Ev Bogue put across the theory the other week that “writing what’s obvious” to you is a much better tack than writing your esoteric musings. I am shocked, shocked, that you wouldn’t automatically find my musings both entertaining and profound, but I thought I’d try it.

I have found in my own experience that the habits of my friends — perfectly integrated and therefore ordinary and unremarkable — have given me some blinding moments of clarity.

And so, while it seems a bit odd to toss out my own, now-perfunctory habits with the intention of dazzling you with their brilliance, hey, they’re useful to me, and I keep doing them, so it may be that you’ll want to adopt them, too.

A lesson from the stage…

Here’s a tip I picked up when I was a young performer: Never, ever, point out your mistakes to the audience.

Oscar Wilde (allegedly) said, “Never speak ill of yourself. Your enemies are more than happy to do it for you.”

While it (arguably) speaks to your integrity and humility to point out your mistakes and short-comings to your boss, everyone else only cares about what it looks like. This is as true in real life as it is on the stage.

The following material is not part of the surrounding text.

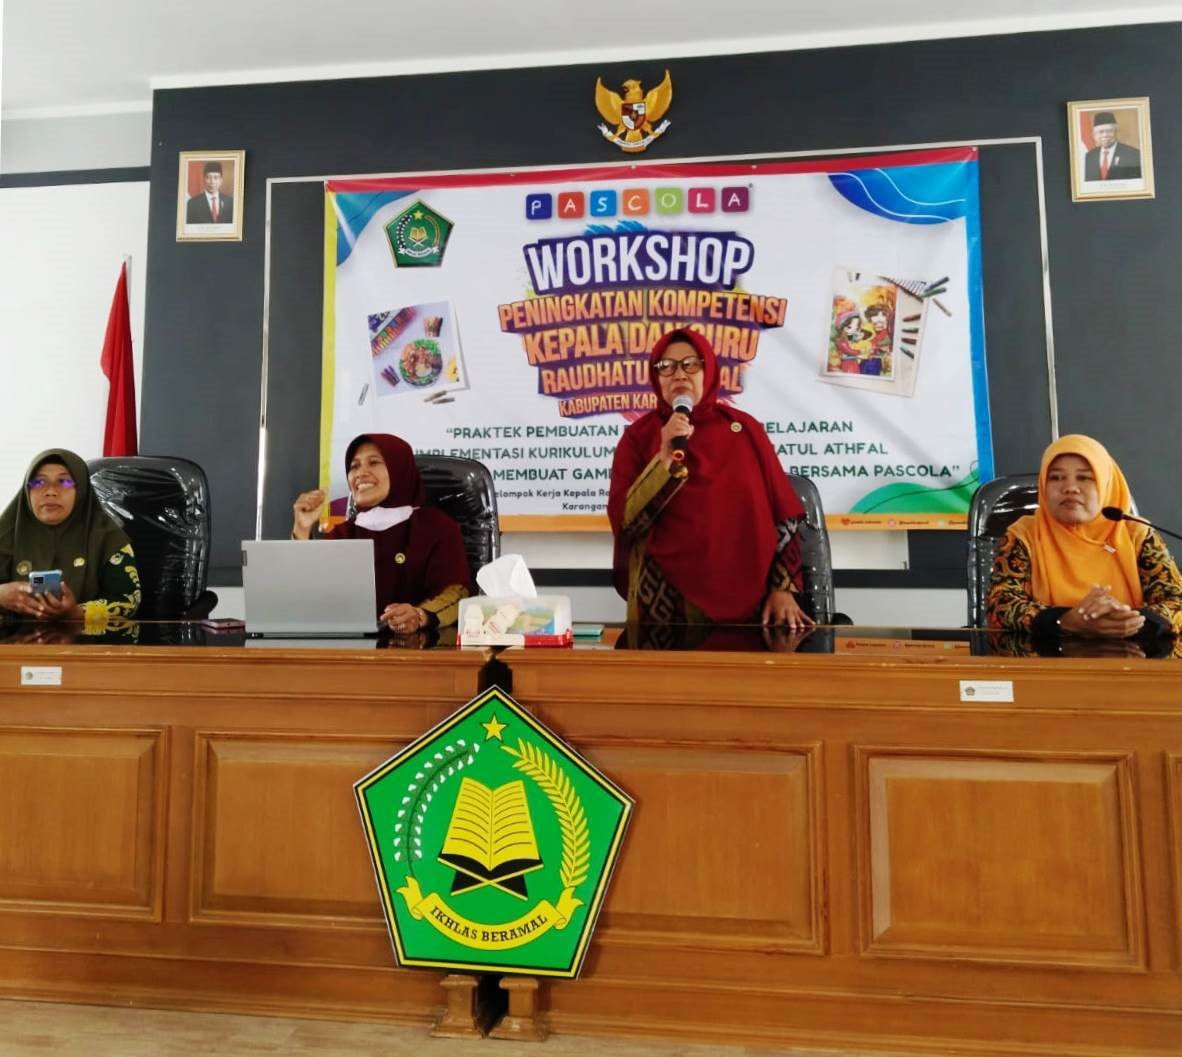 Workshop Peningkatan Kompetensi Kelompok Kerja Guru Raudhatul Athfal Kabupaten Karanganyar

As far as anyone outside of your intimate circle is aware, unless you inform them otherwise, you meant to do things pretty much exactly as they turned out. That job you got (or didn’t get), that house you bought, that man you split up with. You don’t have to divulge that you didn’t get a big enough loan for the house you wanted, or that you didn’t get called for an interview.

If people want to believe you have it easy, let ’em. Why should you be obliged to talk down about yourself in order not to feel bad about yourself or your accomplishments. The people giving you genuine compliments don’t want to know, and the people who aren’t, don’t deserve to know.

If you want to do a post-mortem, and examine your mistakes as a way to improve your performance next time, sure. Go over it with your boss, your spouse, or a mentor. Don’t share it with acquaintances.

The Exception to the Rule

The only time I’ve found where it’s nice to share your flubs is when you’re building rapport. Maybe you’ve become a mentor yourself, or maybe you’re just trying to break the ice at a conference. It can be totally fine to say, “Gee, these rapid-fire introductions makes me forget every interesting thing about myself. It’s like being back in middle school. I want you to like me, but I don’t know what to say to make friends.” Plenty of people will relate to that, and they’ll still see you as poised for finding a graceful way to say what everyone was feeling. Plus, you totally get karma points every time you make someone feel that they’re not alone.

But other than that exception, don’t bandy about your mistakes. It’s enough that you learn from then, and that you teach others if the opportunity arises. Let everyone else enjoy the magic.